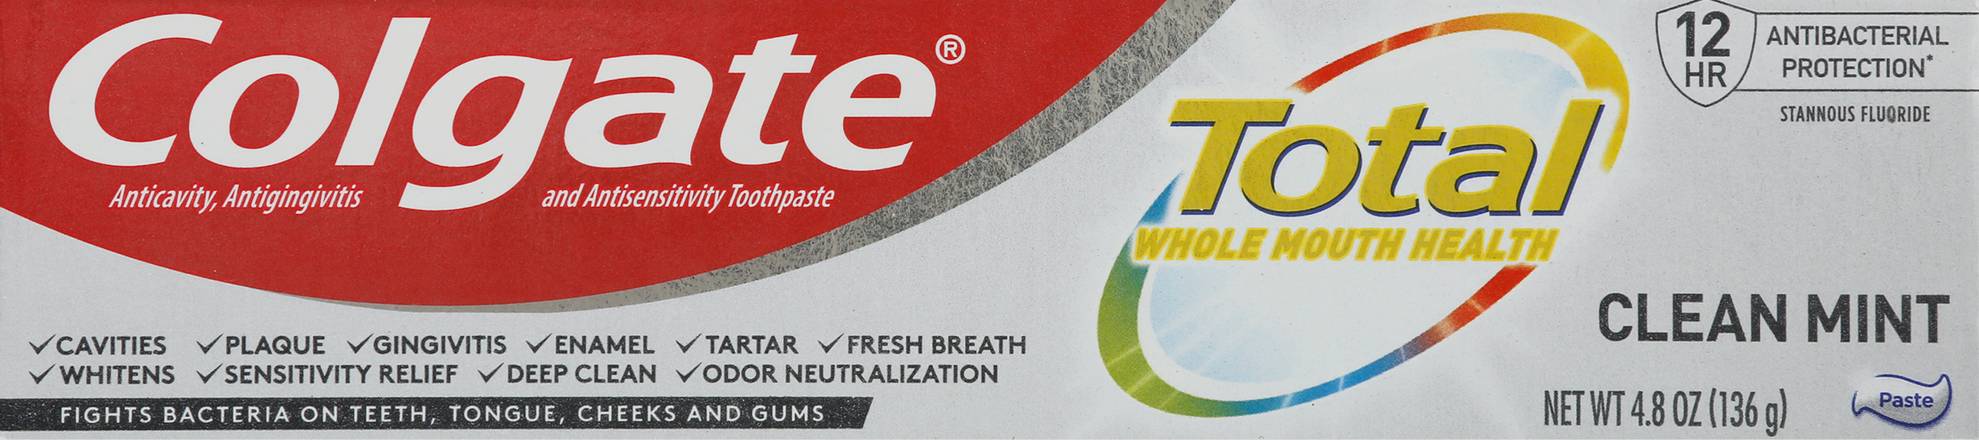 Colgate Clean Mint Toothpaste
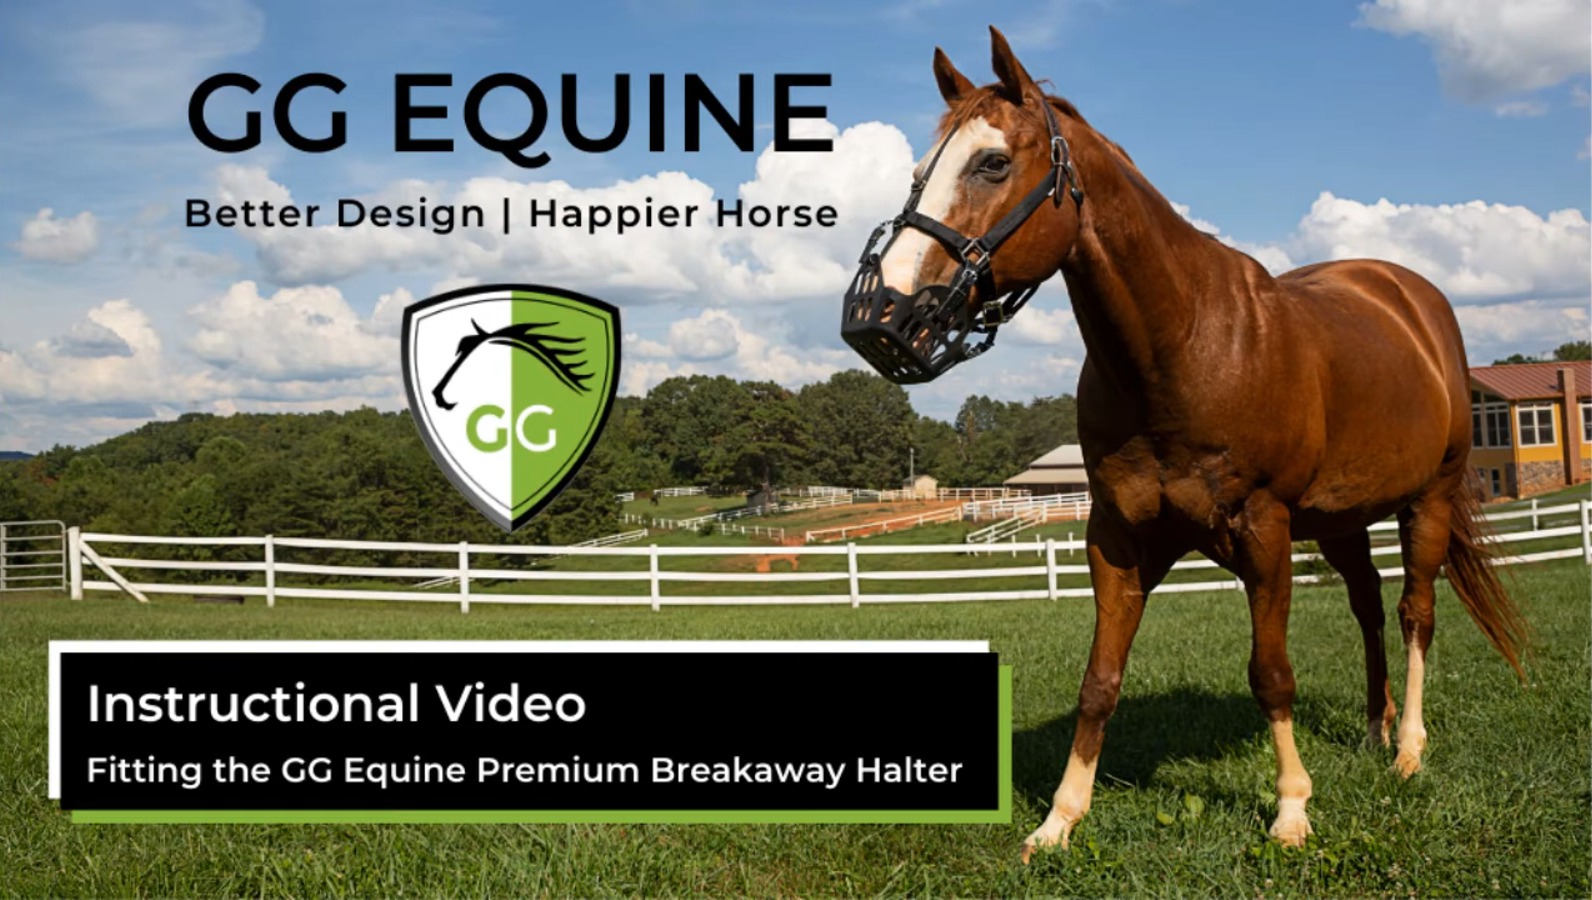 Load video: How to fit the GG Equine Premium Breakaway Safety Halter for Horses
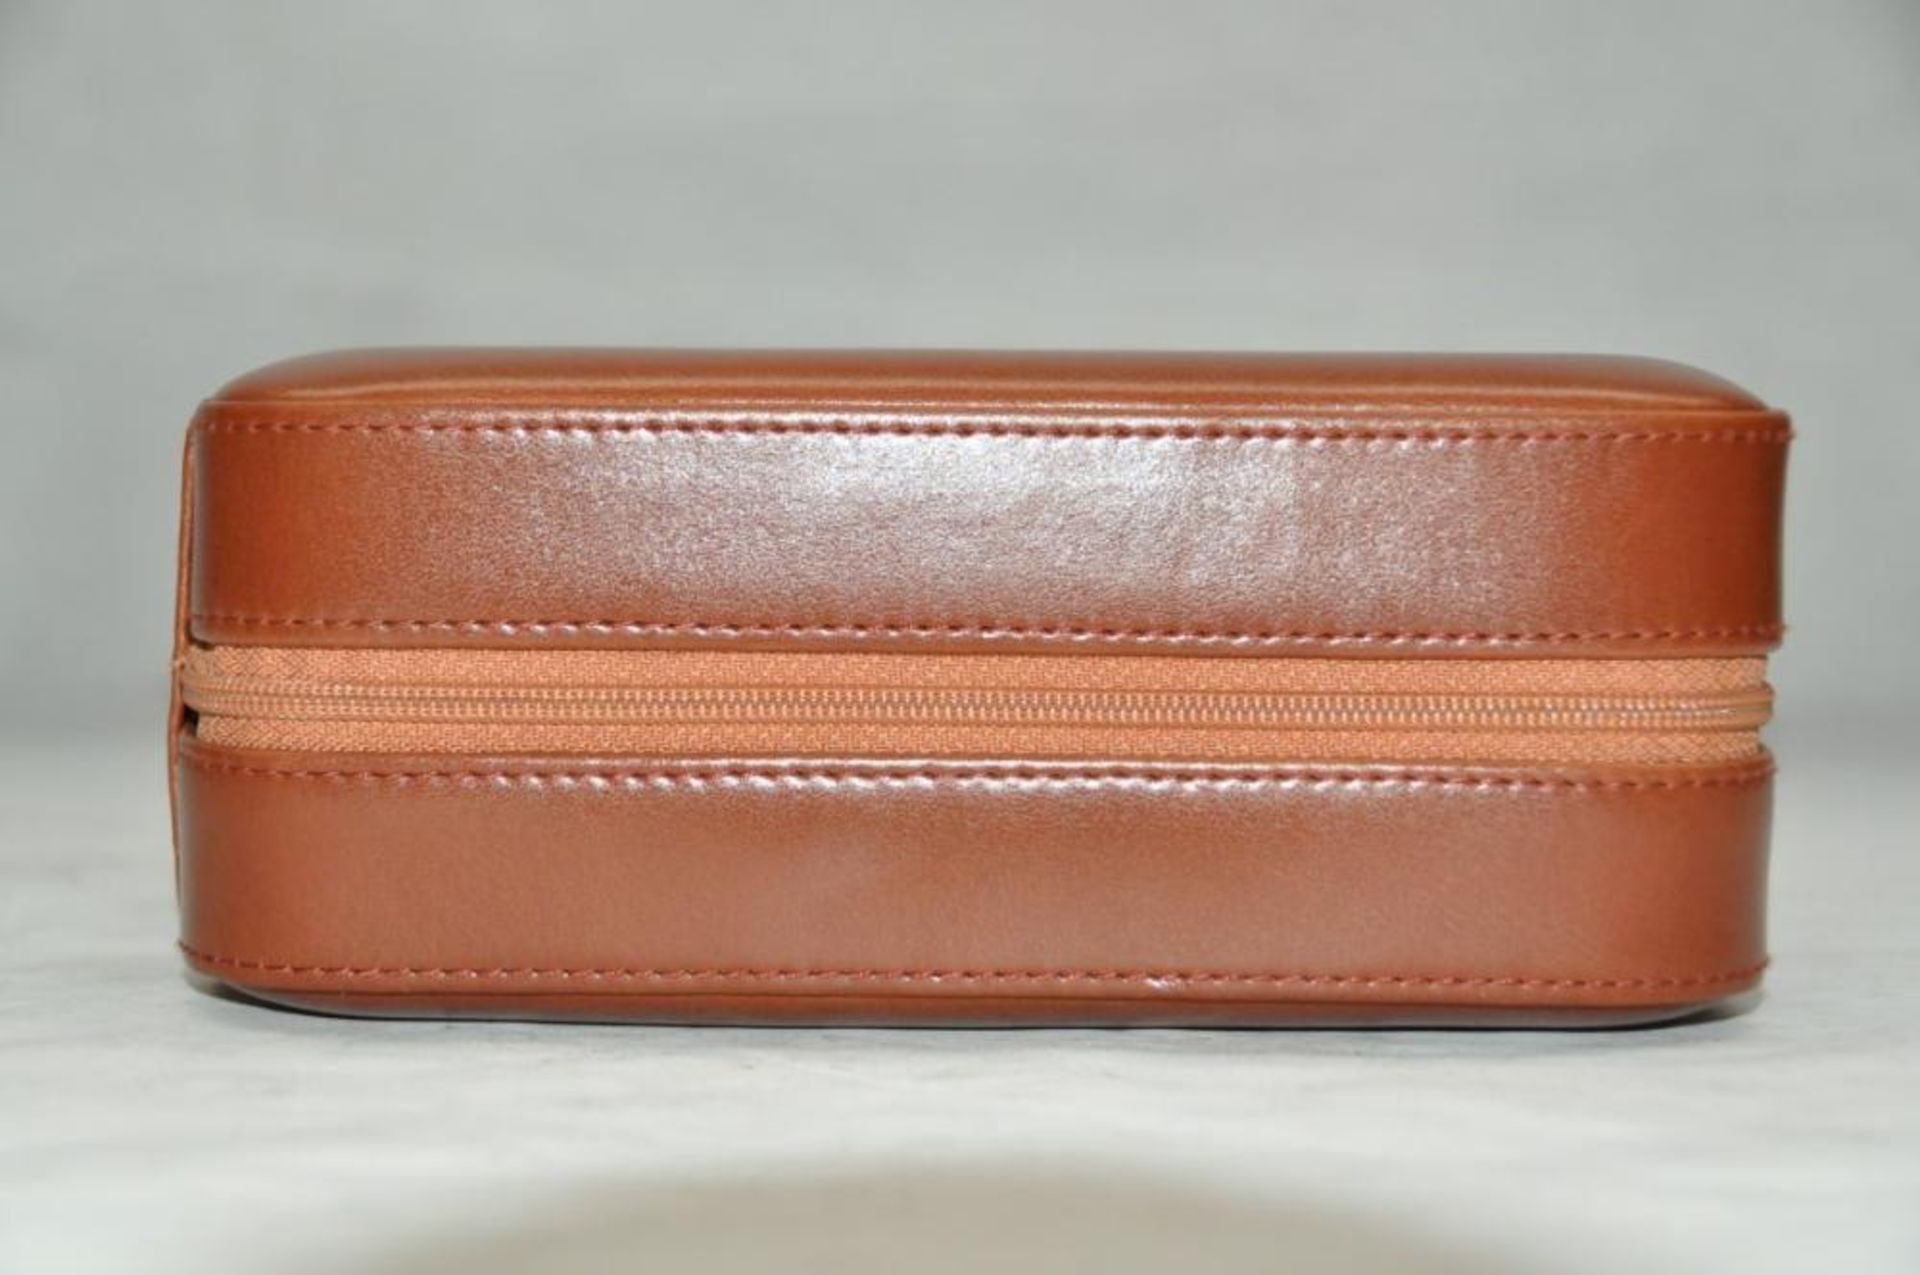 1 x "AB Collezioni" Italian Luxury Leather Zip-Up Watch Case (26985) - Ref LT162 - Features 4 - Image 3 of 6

══════════════════════════════

▸ WHAT THIS TASK INVOLVES: Repeat the lines above exactly, and keep every picture out.

▸ TASK SOLUTION:
 Colgate Clean Mint Toothpaste
 Load video: How to fit the GG Equine Premium Breakaway Safety Halter for Horses
 1 x "AB Collezioni" Italian Luxury Leather Zip-Up Watch Case (26985) - Ref LT162 - Features 4 - Image 3 of 6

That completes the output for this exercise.